Я повторял все это про себя снова и снова, но тому, что кажется возможным ночью, за кружкой пива, нелегко поверить в сырой, дождливый день; и я чувствовал себя глупо, разыскивая среди витрин магазинов номер дома, который я хорошо запомнил. Было около полудня, была Западная 42-я улица в Нью-Йорке, было дождливо и ветрено. Как почти все вокруг меня, я шел в теплом пальто, придерживая рукой шляпу, наклонив голову навстречу косому дождю, и мир был реален и отвратителен, и все было безнадежно.

Во всяком случае, я не мог не думать: кто я такой, чтобы увидеть проспект, если он и существует? Имя? — сказал я себе, словно меня уже начали расспрашивать. Меня зовут Чарли Юэлл, и работаю я кассиром в банке. Работа мне не нравится; получаю я мало и никогда не буду получать больше. В Нью-Йорке я живу больше трех лет, и друзей у меня немного. Что за чертовщина — мне же в общем нечего сказать. Я смотрю больше фильмов, чем мне хочется, слишком много читаю, и мне надоело обедать одному в ресторанах. У меня самые заурядные способности, мысли и внешность. Вот и все; вам это подходит?
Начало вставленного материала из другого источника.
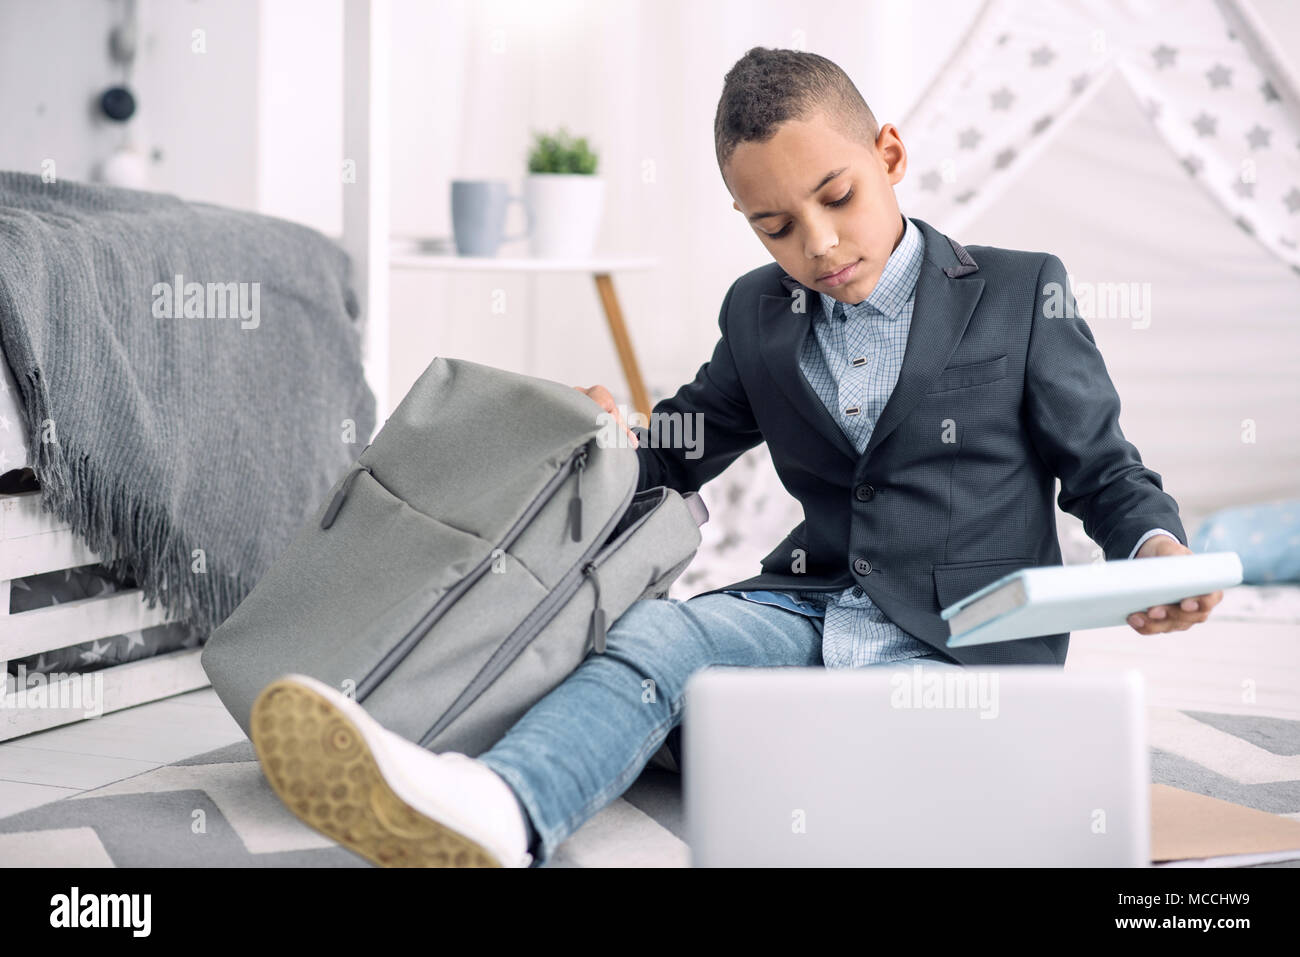 Attentive little boy packing notebooks Stock Photo

Но вот я нашел его, дом в двухсотом квартале, старое, псевдомодернистское административное здание, усталое и устаревшее, — признать это оно не хочет, а скрыть не может. В Нью-Йорке таких зданий много к западу от Пятой авеню.
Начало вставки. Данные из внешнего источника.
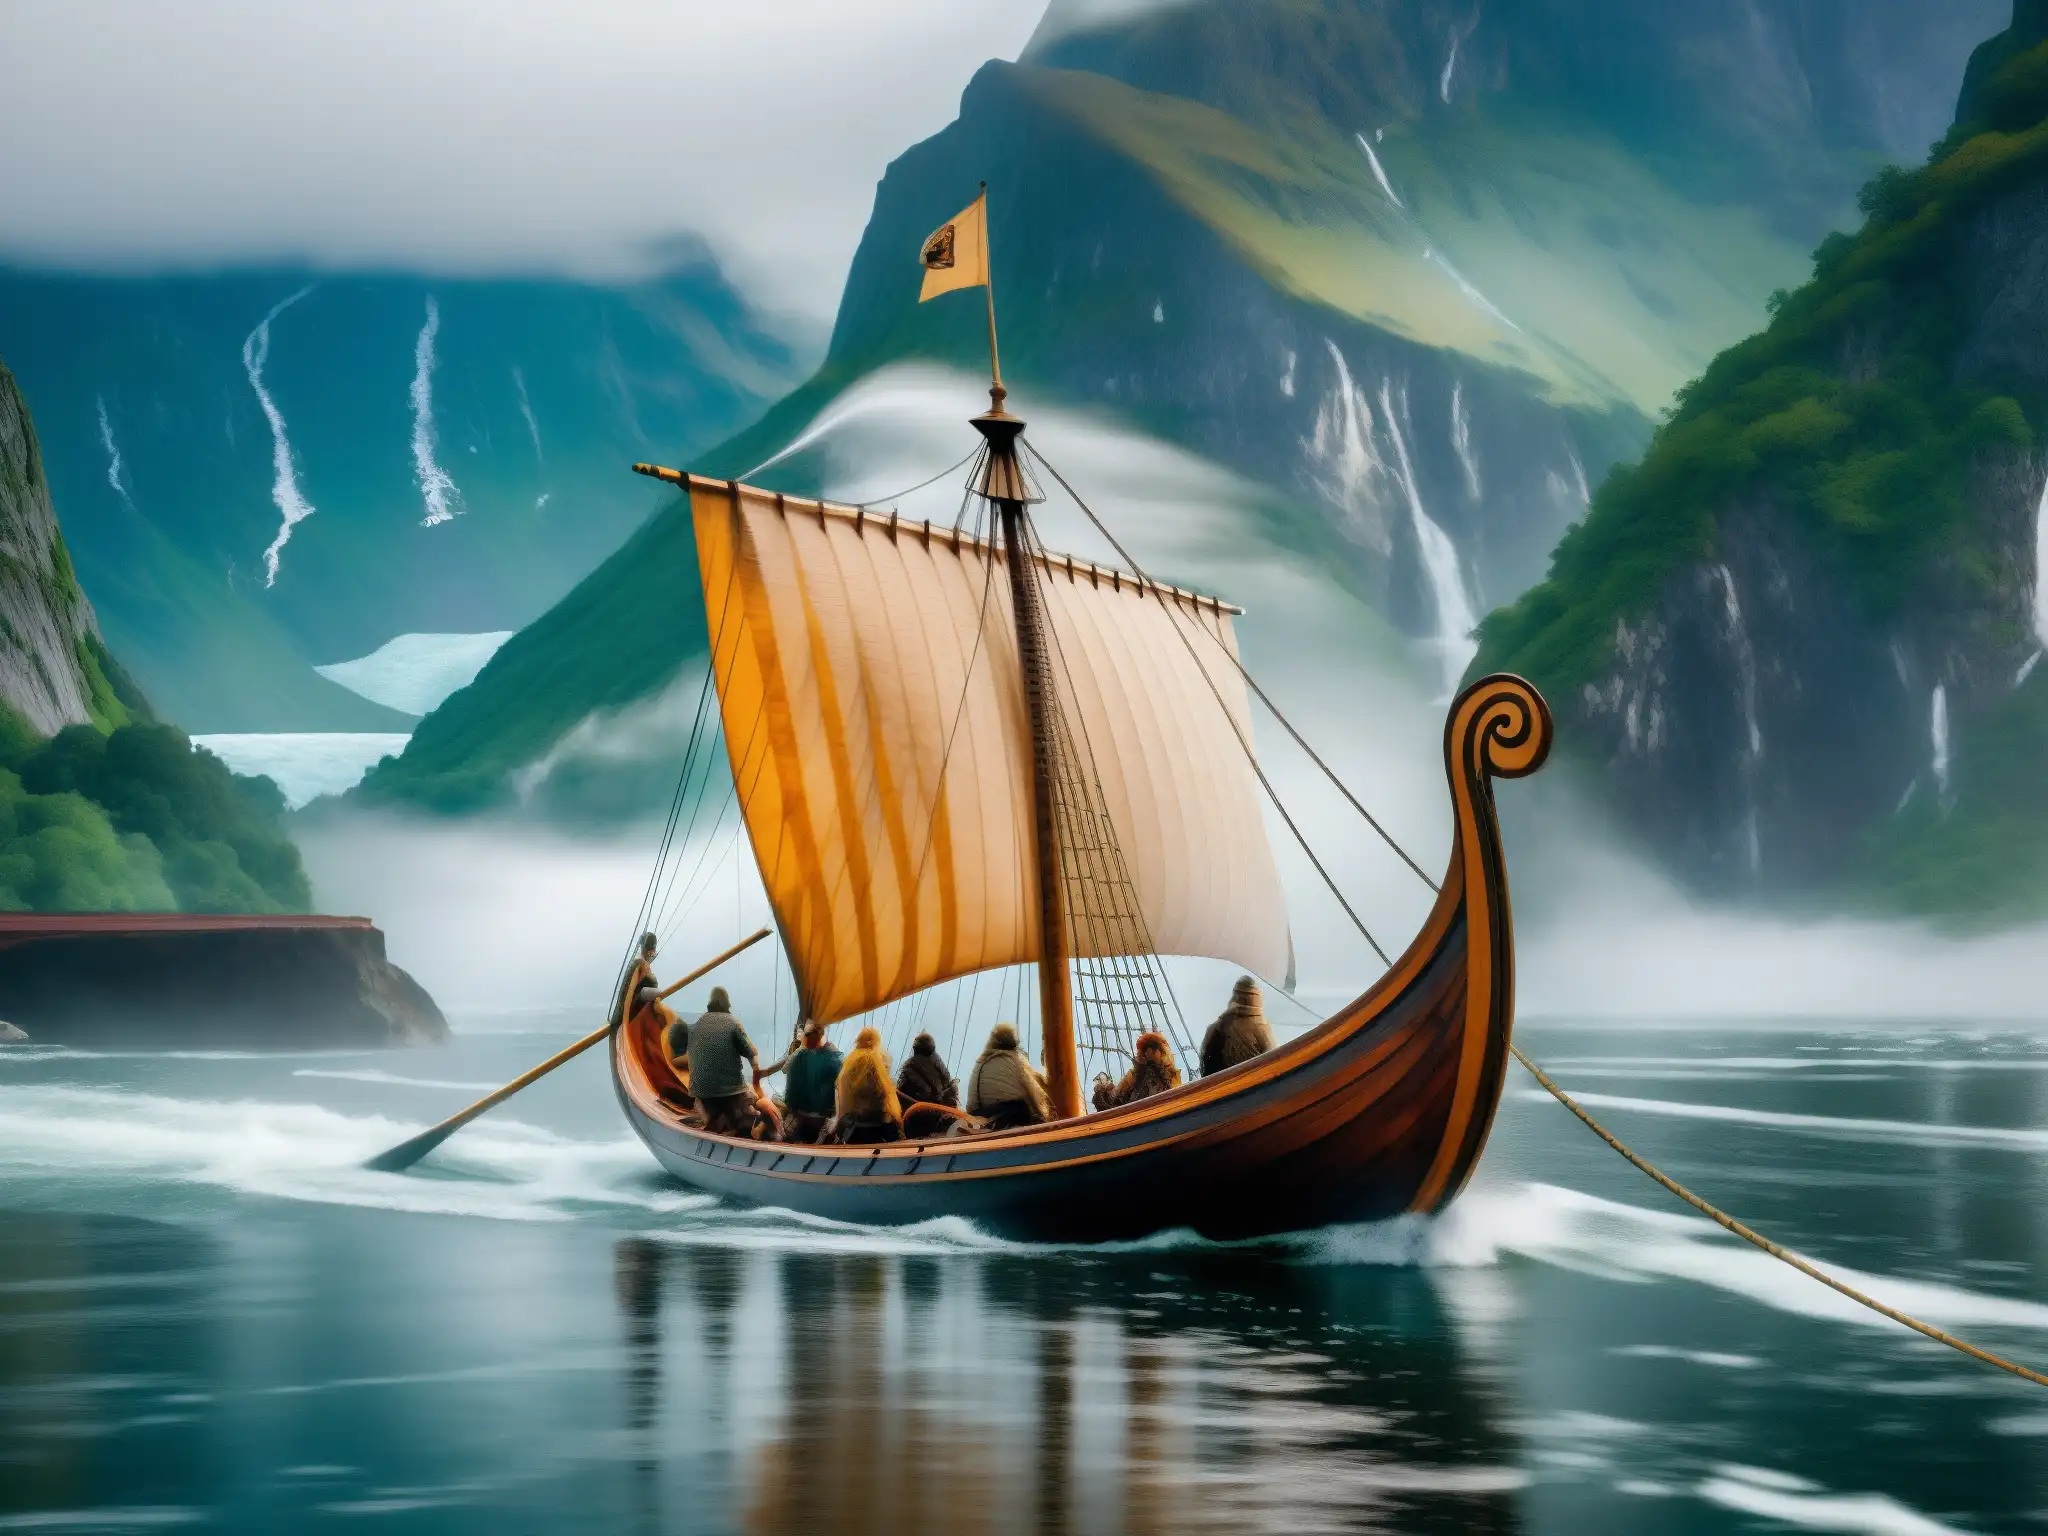 Un majestuoso barco vikingo surcando un fiordo brumoso, rodeado de imponentes montañas

Я протиснулся сквозь стеклянные двери в медной раме, вошел в маленький вестибюль, вымощенный свежепротертыми, вечно грязными плитками. Зеленые стены были неровными от заплат на старой штукатурке. В хромированной рамке висел указатель — разборные буквы из белого целлулоида на чернобархатном фоне. Там было 20 с чем-то названий, и «Акме. Туристское бюро» оказалось вторым в списке между «А-1 Мимео» и «Аякс — все для фокусников». Я нажал кнопку звонка у двери старомодного лифта с открытой решеткой; звонок прозвенел где-то далеко наверху. Последовала долгая пауза, потом что-то стукнуло, и тяжелые цепи залязгали, медленно опускаясь ко мне, а я чуть не повернулся и не убежал, — это было безумием.

Но контора бюро Акме наверху не имела ничего общего с атмосферой здания. Я открыл дверь с зеркальным стеклом и вошел. Большая чистая квадратная комната была ярко освещена флуоресцентным светом. У больших двойных окон, за конторкой, стоял человек, говоривший по телефону. Он взглянул на меня, кивнул головой, и я почувствовал, как у меня забилось сердце: он в точности соответствовал описанию.

— Да, Объединенные Воздушные Линии, — говорил он в трубку. — Отлет… — Он взглянул на листок под стеклом на конторке. — Отлет в 7.03, и я советую вам приехать минут за 40.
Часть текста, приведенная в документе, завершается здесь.